Bill Stauffacher, the lobbyist for the Independent Insurance Agents and Brokers (IIABW), is ready to make those cuts. In a letter to members of the IIABW, Stauffacher explains that the lobby will face two big tax fights—an effort to increase the B&O tax rate on producer commissions, and an effort to create a state capital gains tax, which he argues, is the first step towards a state income tax.

Stauffacher writes, “IIABW-member agencies and producers who are concerned about their B&O taxes increasing or the possibility of a new state capital gains tax (yes, you read that correctly) should run right at the looming political hurricane with all the collective force and fury we can marshal. This requires a renewed commitment to supporting the Big I PAC, timely grassroots participation and support of IIABW’s lobbying efforts.”

The status quo that Stauffacher supports—that the Supreme Court objects to—is one the state has tried to address before. In the 1970’s, in Thurston County, Judge Robert Doran ruled that schools were too reliant on local levies for their funding, which led to inequities across districts. The Supreme Court agreed in 1978, and the Levy Lid Act was passed, allowing local levies to pay for no more than 10% of a district’s education. That was repealed, and replaced, and the allowable levy limit crept up towards 30%. Currently, local levies provide about 16% of school funding, and the state provides 66 % (Budget and Policy Center).

What this means is that schools are not equal.
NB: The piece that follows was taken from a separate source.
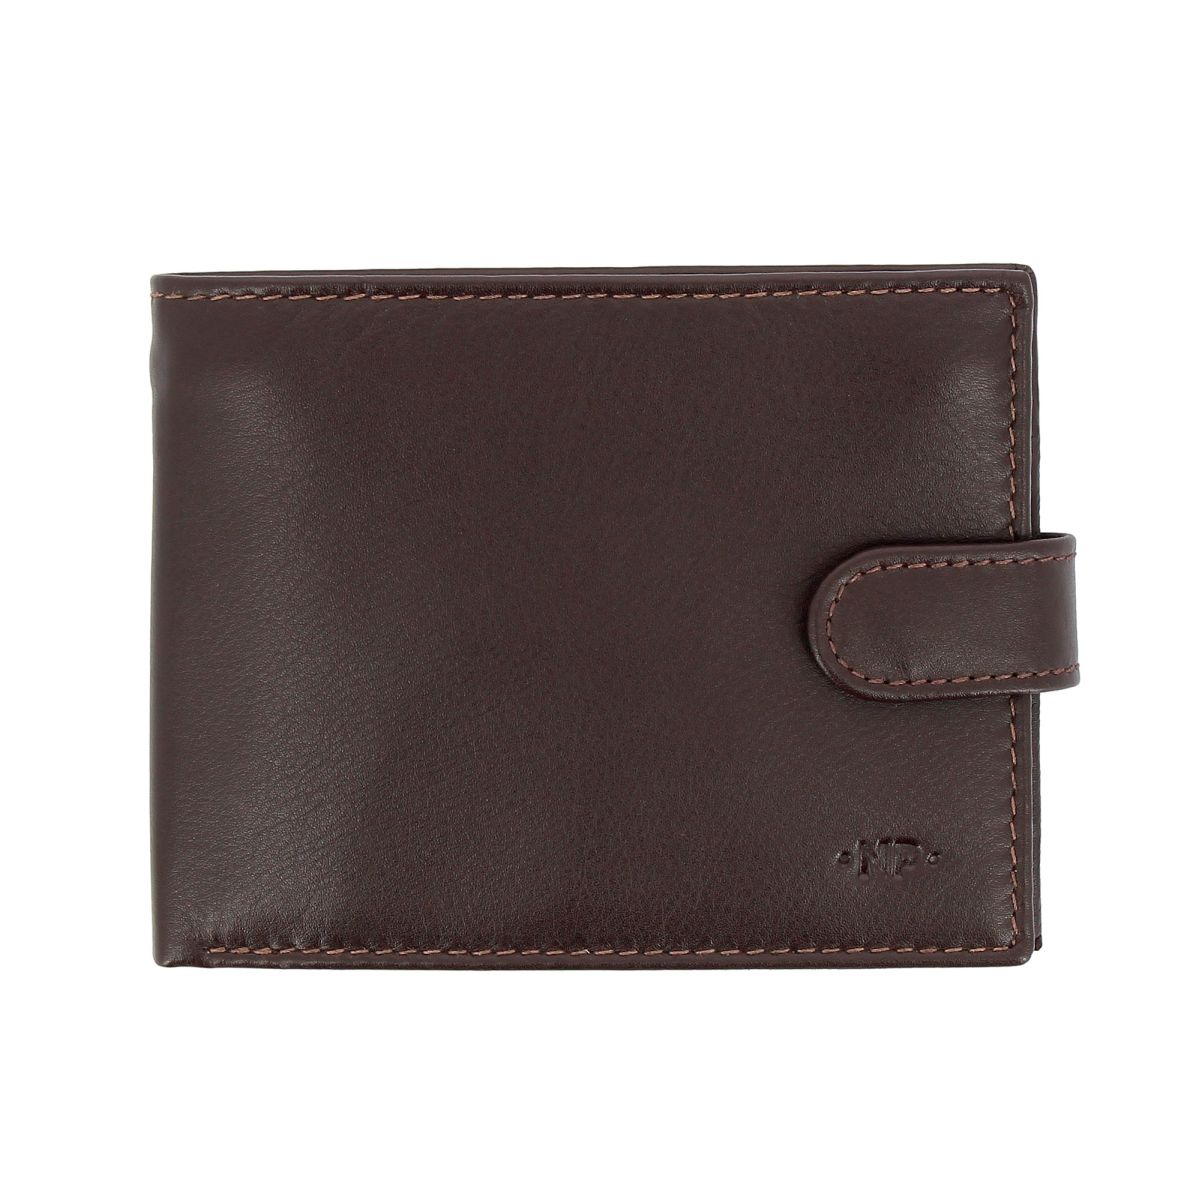 Mens Leather Wallet With Snap Button - Dark Brown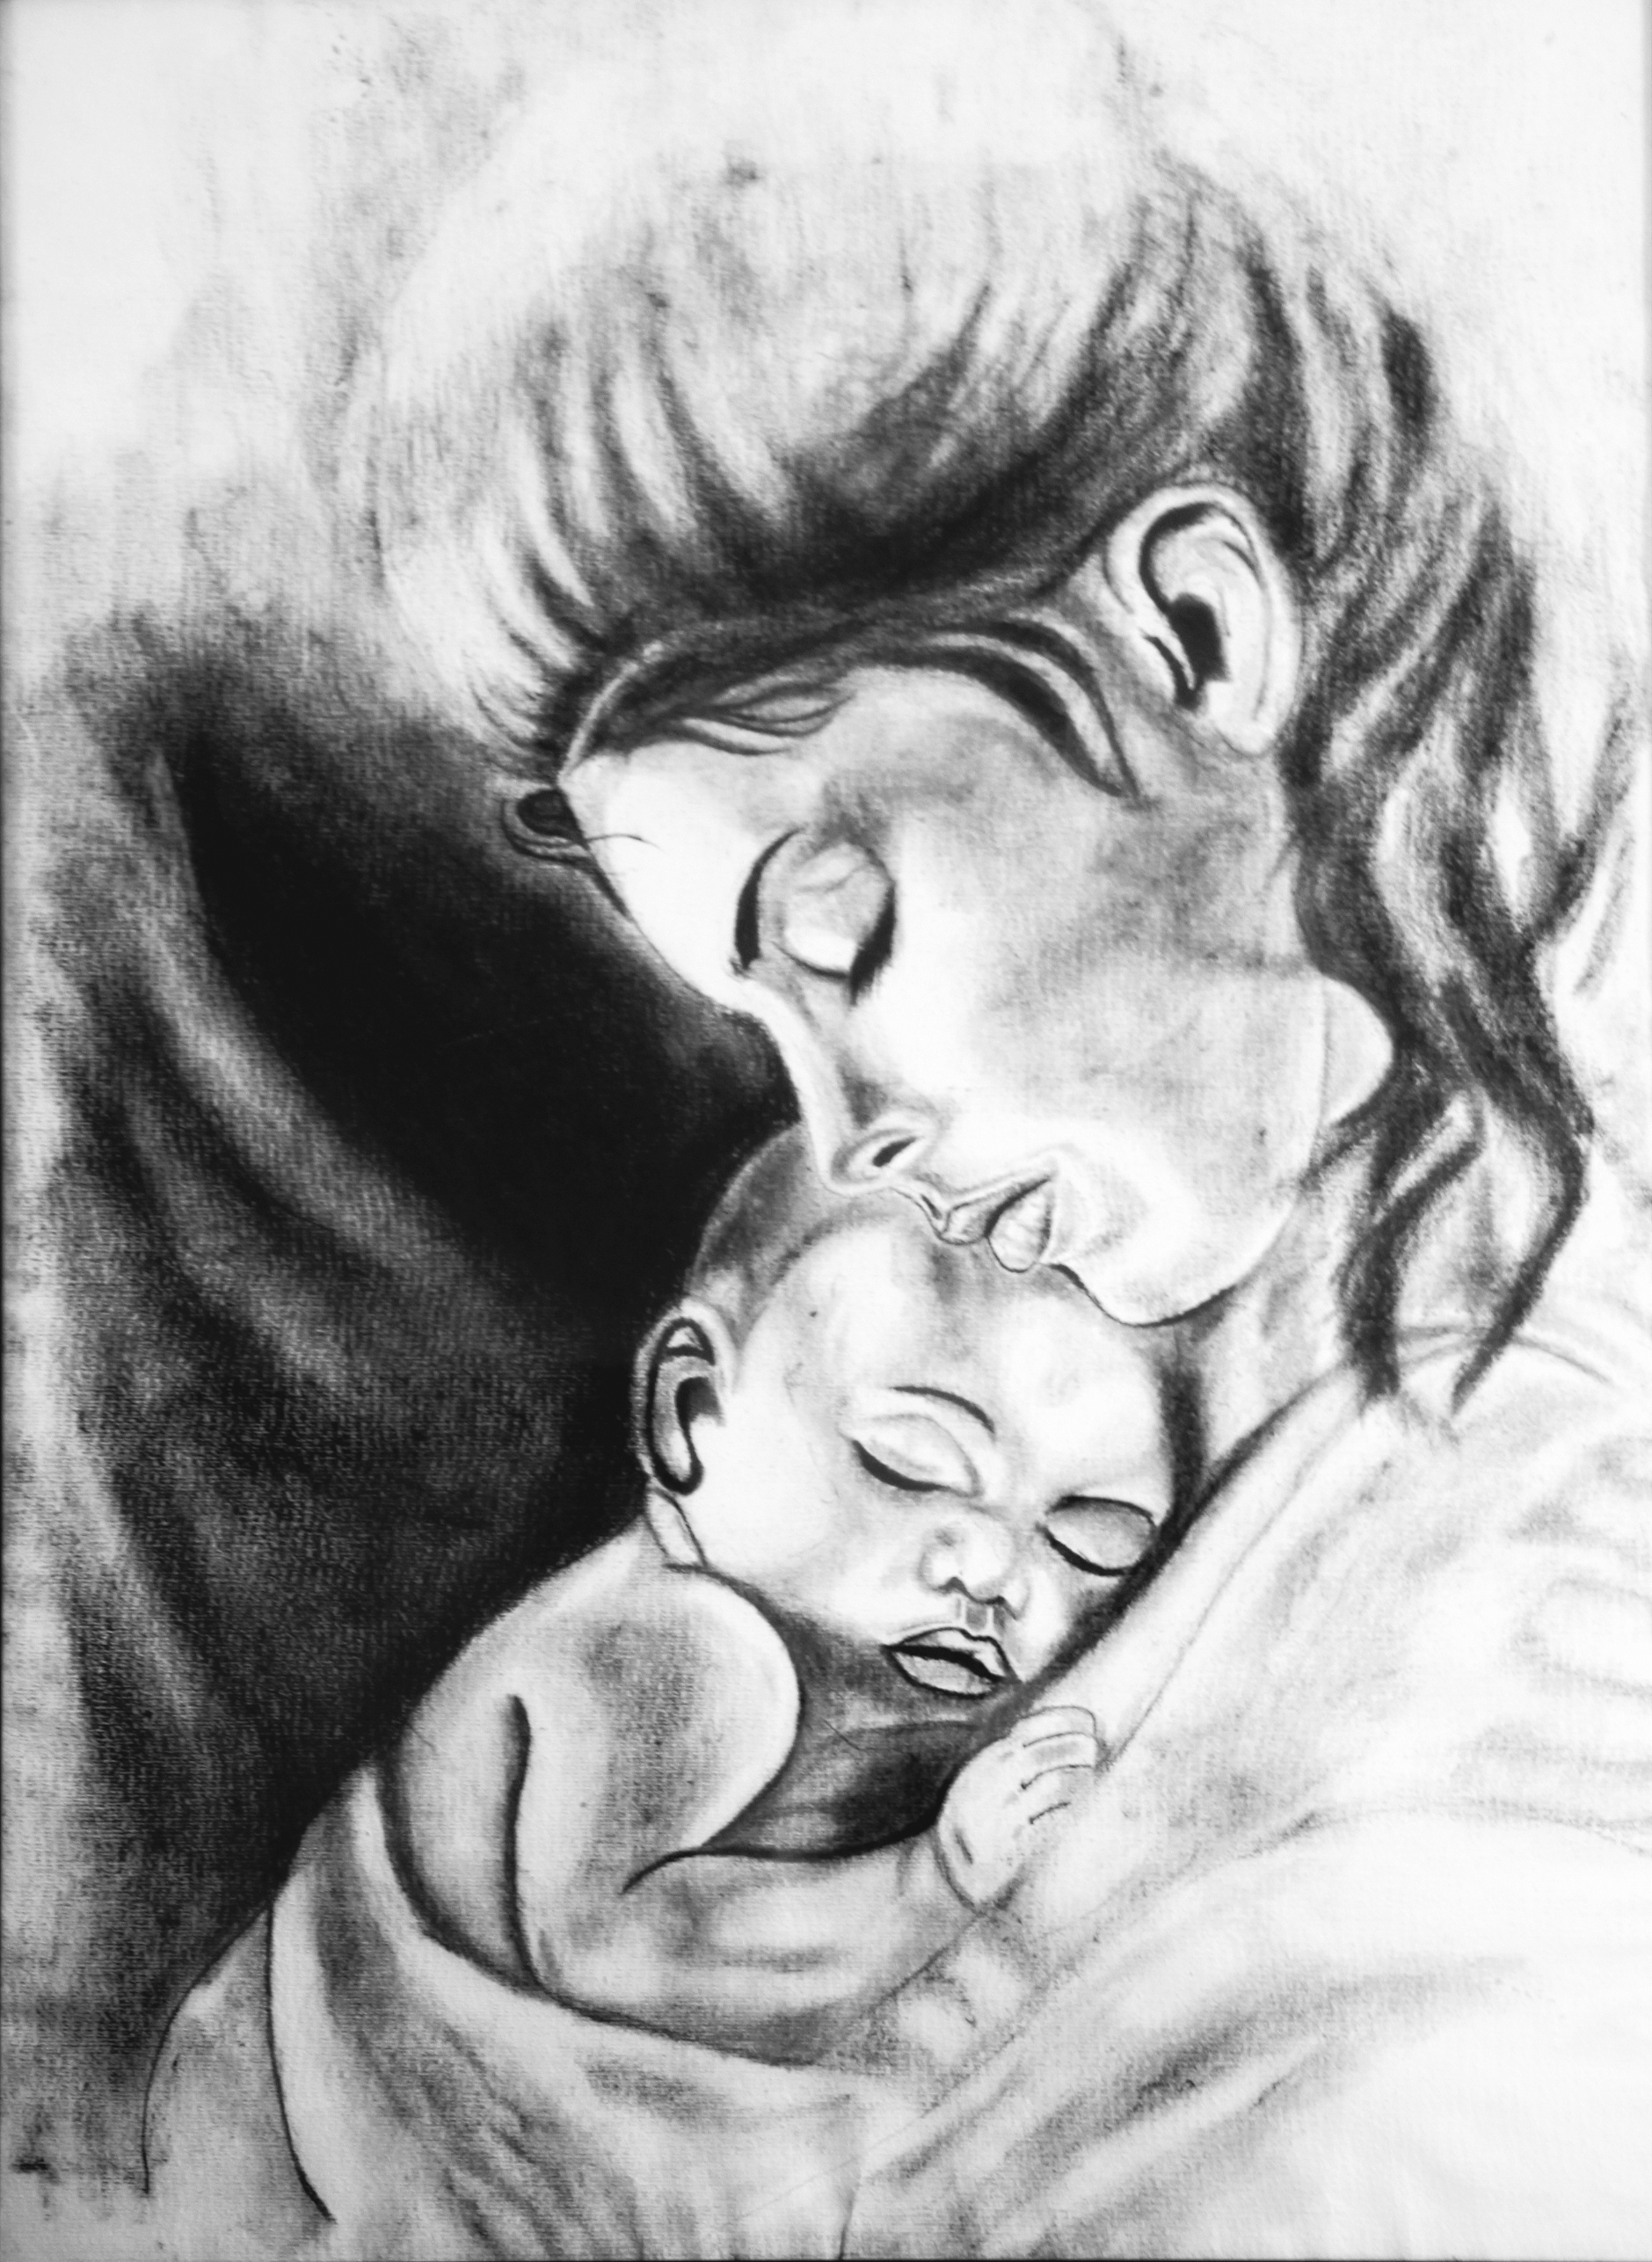 Free Mother And Child Drawing Download Free Clip Art Free Clip Art On Clipart Library Download mother and baby stock vectors. free mother and child drawing download free clip art free clip art on clipart library

Opportunities for learning are not equal. Local levies in the Sumner School District in north Pierce County add $2578 per student per year to the district budget. Local levies in the Sunnyside School District in Yakima add $351 per student. What difference can $2227 per student per year make in a school, or in a district? That’s a $55,000 difference in each 25-student classroom, each year.

Bill Stauffacher and his PAC may win. Washington may continue to be a comfortable home for the wealthy, while at the same time taxing the poor and providing inadequate services. He’s organized, he’s focused, and he’s getting ready now. Are we?

Emily Lardner teaches at The Evergreen State College and co-directs The Washington Center for Improving Undergraduate Education, a public service of the college.